> **WORK ITEM**
Starting at the line holding "ISFAHAN, IRAN - 20" and finishing at the line holding "Recipe E-Book", transcribe the material exactly, keeping both ends but no pictures.

> **DATA SUPPLIED**
◇ ◇ ◇
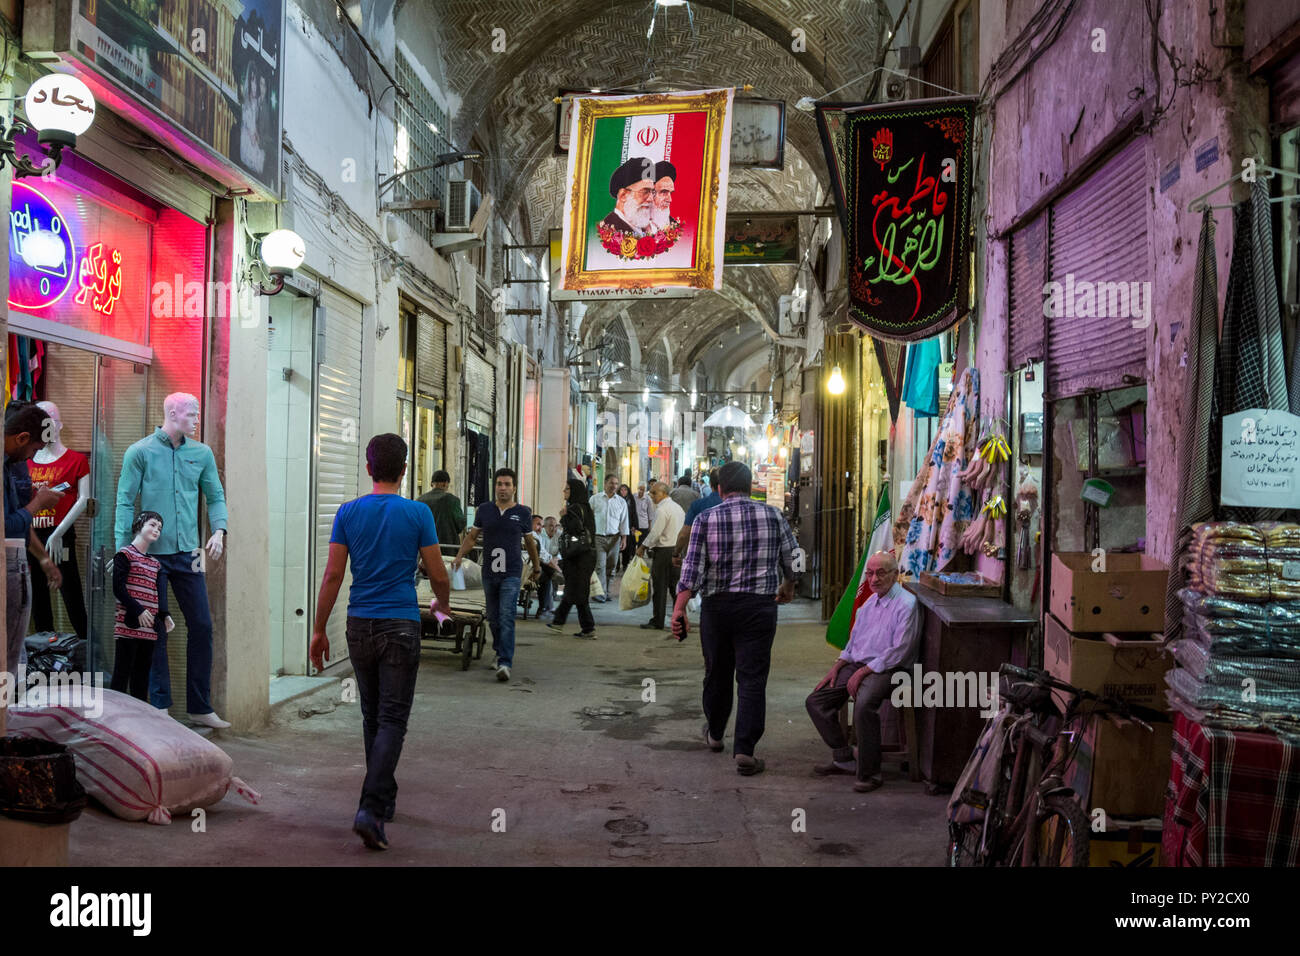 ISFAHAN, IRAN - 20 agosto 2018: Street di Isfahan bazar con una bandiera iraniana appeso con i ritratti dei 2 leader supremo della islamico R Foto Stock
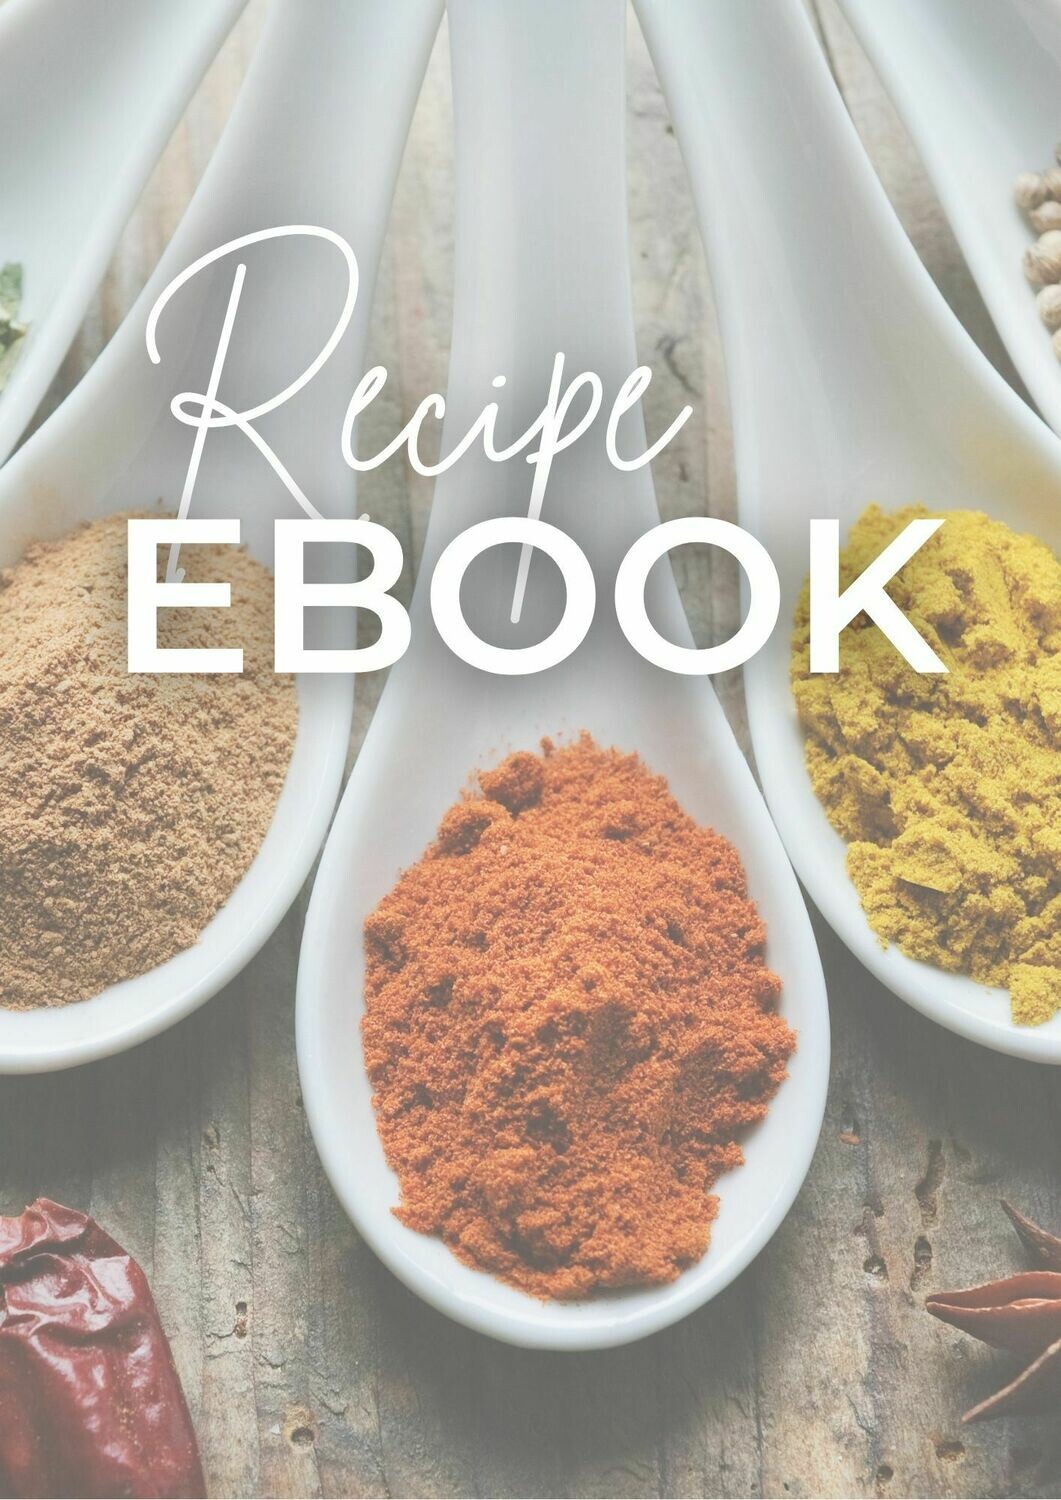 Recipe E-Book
◇ ◇ ◇
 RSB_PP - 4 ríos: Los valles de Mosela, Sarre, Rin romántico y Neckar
◇ ◇ ◇
> **ANSWER BOX**
 ISFAHAN, IRAN - 20 agosto 2018: Street di Isfahan bazar con una bandiera iraniana appeso con i ritratti dei 2 leader supremo della islamico R Foto Stock
 Recipe E-Book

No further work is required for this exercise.